Wednesday, February 3, 2010

Baking Basics - Mixing

Mixing Technique

There are several ways to mix ingredients to form a batter or dough. Each technique contributes differently to the final texture of the baked product. Unfortunately, many recipes use mixing terms interchangeably, which may be why your brownie did not look like the super moist one in that cookbook photo!

Cream - to beat an ingredient or mixture of ingredients until soft and smooth. Many recipes often require creaming of fat and sugar; this means to aerate and soften room-temperature fat (usually butter) by beating and blending it with sugar until it is smooth, light and somewhat fluffy. The sugar crystals cut through the fat globules in the butter, introducing tiny air pocket seeds that will expand further from the leavening gases produced during baking. This technique is usually used for cookies and cakes to create a light and moist texture.

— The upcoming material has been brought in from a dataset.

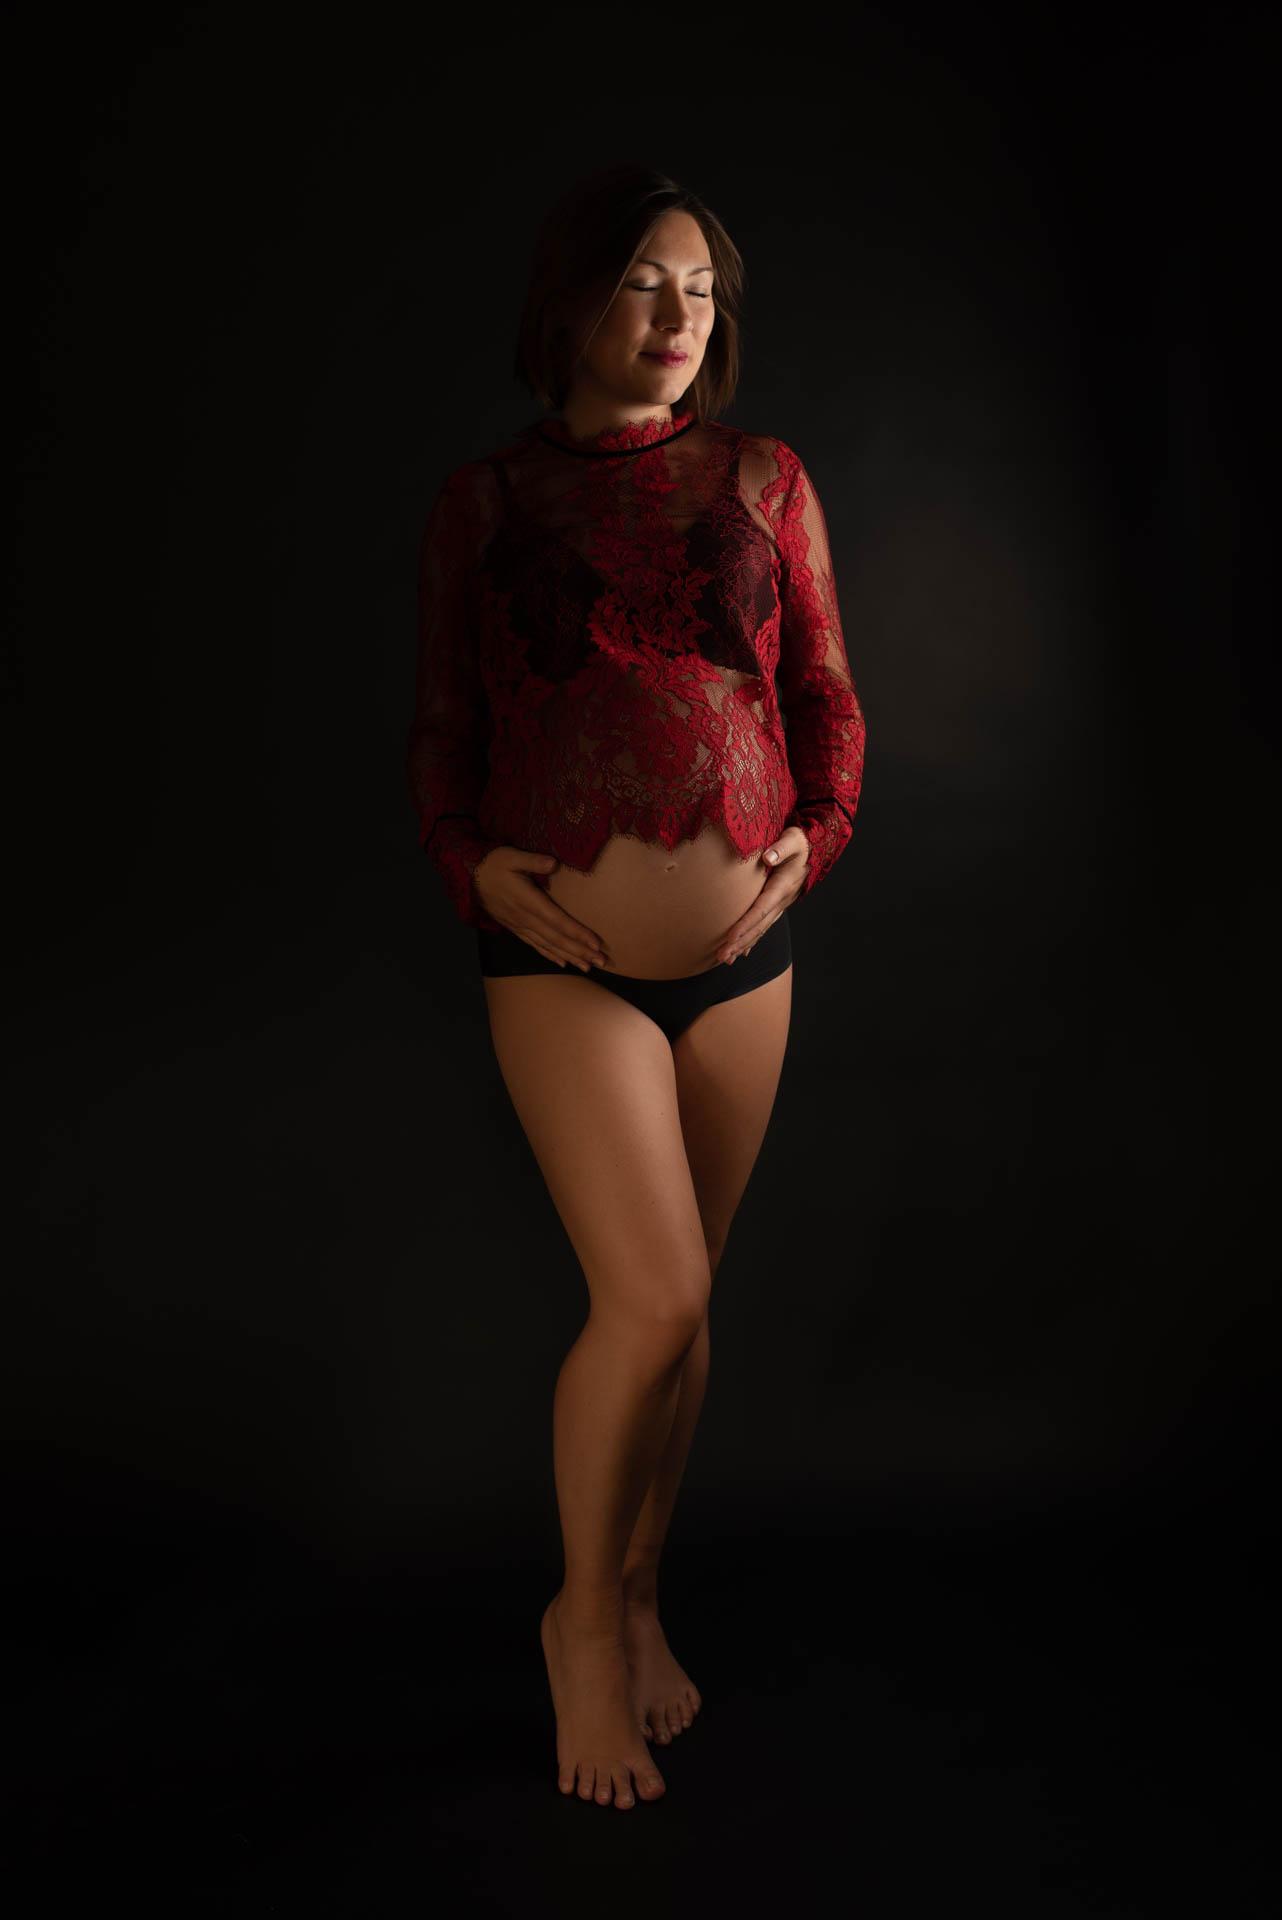 Schwangerschaftsfoto in rotem Spitzentop im Fotostudio

Beat - to mix vigorously until one ingredient, or a mixture of ingredients, become smooth and thoroughly combined. Beating is a method of mixing that incorporates air into the ingredients and usually requires an electric mixer, a whisk or a fork. Beating may also refer to vigorous manual stirring using a wooden spoon or a spatula.

Stir/Blend - stirring or blending refers to a moderately gentle (but not too gentle) circular motion intended to combine ingredients evenly and create a homogeneous mixture. This can be done using a wooden spoon or rubber spatula, but not an electric device.

Fold - to gently incorporate one ingredient (or mixture of ingredients) into another without stirring or beating. Folding usually involves the addition of one light, aerated mixture (whipped cream or beaten egg whites) to a more dense/moist base mixture (batter). A rubber spatula is often used to cut down through the two mixtures, sliding the spatula across the bottom of the bowl, and then turning the mixtures over one another by bringing the base mixture up from beneath the aerated one. This technique is repeated to gently combine the ingredients. It is done to retain air within the batter and create a very light product, such as angel food cake, sponge cake, soufflé or mousse.